For us, we are so locked into MS right now - the licensing fees are unbelievable. Servers, Cals, Office, Mail, etc cost us around 30K per year. In one recent example of price schemes - Office 97 and Pub 97 were separate packages (we didn't get Pub). For Office 2000 MS combined them and you got Pub for free. Office 2002 - they yank Pub back out (nice bait and switch!) and it costs an additional $5 per seat (5x1000+ pcs) We opted out and decided not be jerked around like that. We are a very technologically robust district with a computer at every teacher's desk and 1 to 5 computers in each classroom for student use, plus labs, libraries and tech ed rooms. In addition to the MS licensing, we have a huge investment in educational software and various databases to run the district. Our student pop is around 4000. Our anti-virus alone runs us 10K a year, plus firewall and citrix 10/10. There's more. I am stunned at how much we spend, versus starting with a meager 100K budget for everything, several years ago. We need our enterprise antivirus and firewall. We need our student information database and electronic libraries. But we were sucked into the MS spiral out-of-control licensing. We have invested years of training students and staff and administrators. It is very difficult to switch now. If I were starting fresh, I'd switch to free/open in a heartbeat.

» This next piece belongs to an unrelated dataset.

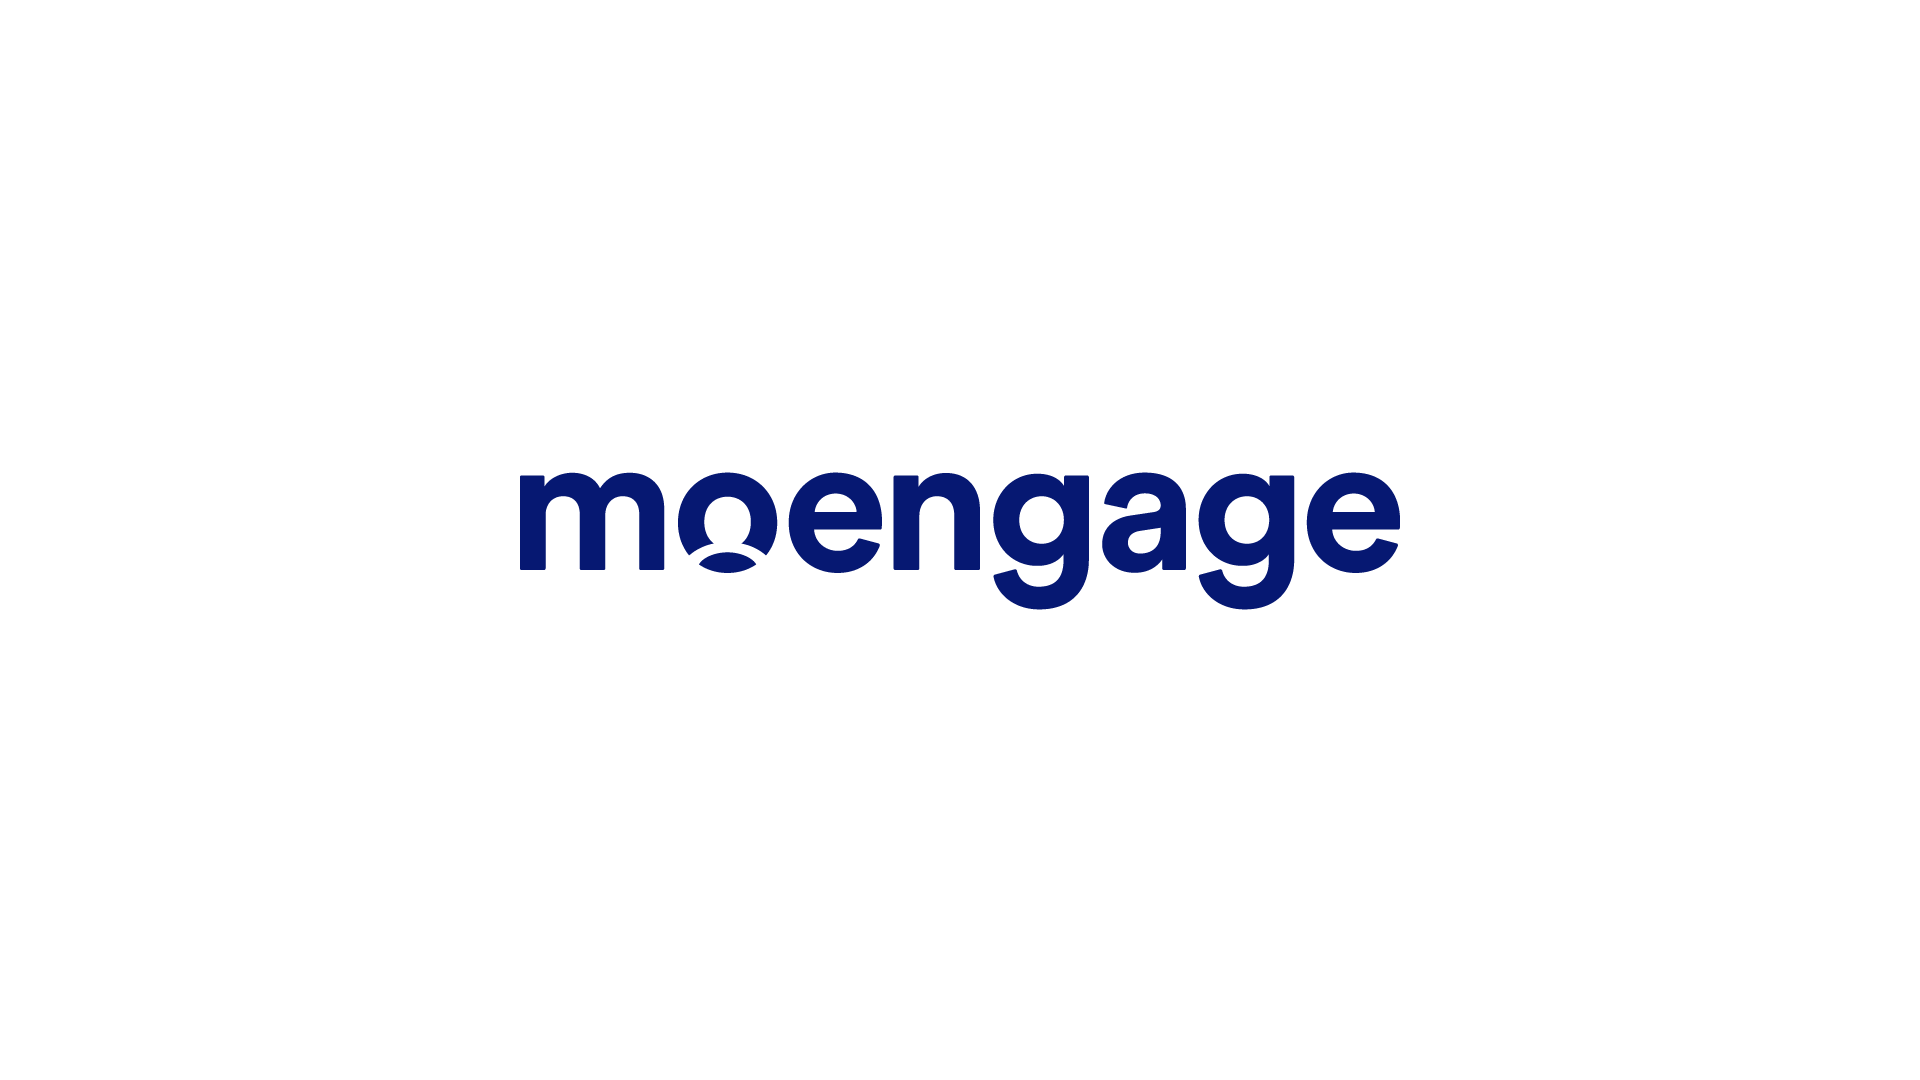 In Partnership with MoEngage

Who do you call when commercial software breaks? Unless you're paying additional monthly or annual maintenance fees, chances are the vendor isn't going to want to talk to you.
Someone pointed out the third "free" is free as in market. With commercial software, only the vendor can support you. You pay their price or you get nothing. With free-as-in-speech software you get free-as-in-market software support: you can pay as much or as little as you'd like, for varying levels of support, and presumably varying levels of expertise.
--
E_NOSIG
The purpose of the general education system is to teach students to think and understand the world we live in. The point of school is not, and has never been, to train our youth to join the ranks of the working. That is the purpose of trade schools. If you teach a child how to learn then they will be able to tackle whatever work most interests them. Same goes for teaching programming languages in schools. Stop trying to teach Java to high school students; instead focus on something like pascal or better yet some kind of functional programming. These may not be used in the "real world" as much, but they sure do make you think.
.plan!! what plan?
Geek teacher hell, at my high school it was the geek students. They'd actually pay some students to help troubleshoot network problems and whatnot.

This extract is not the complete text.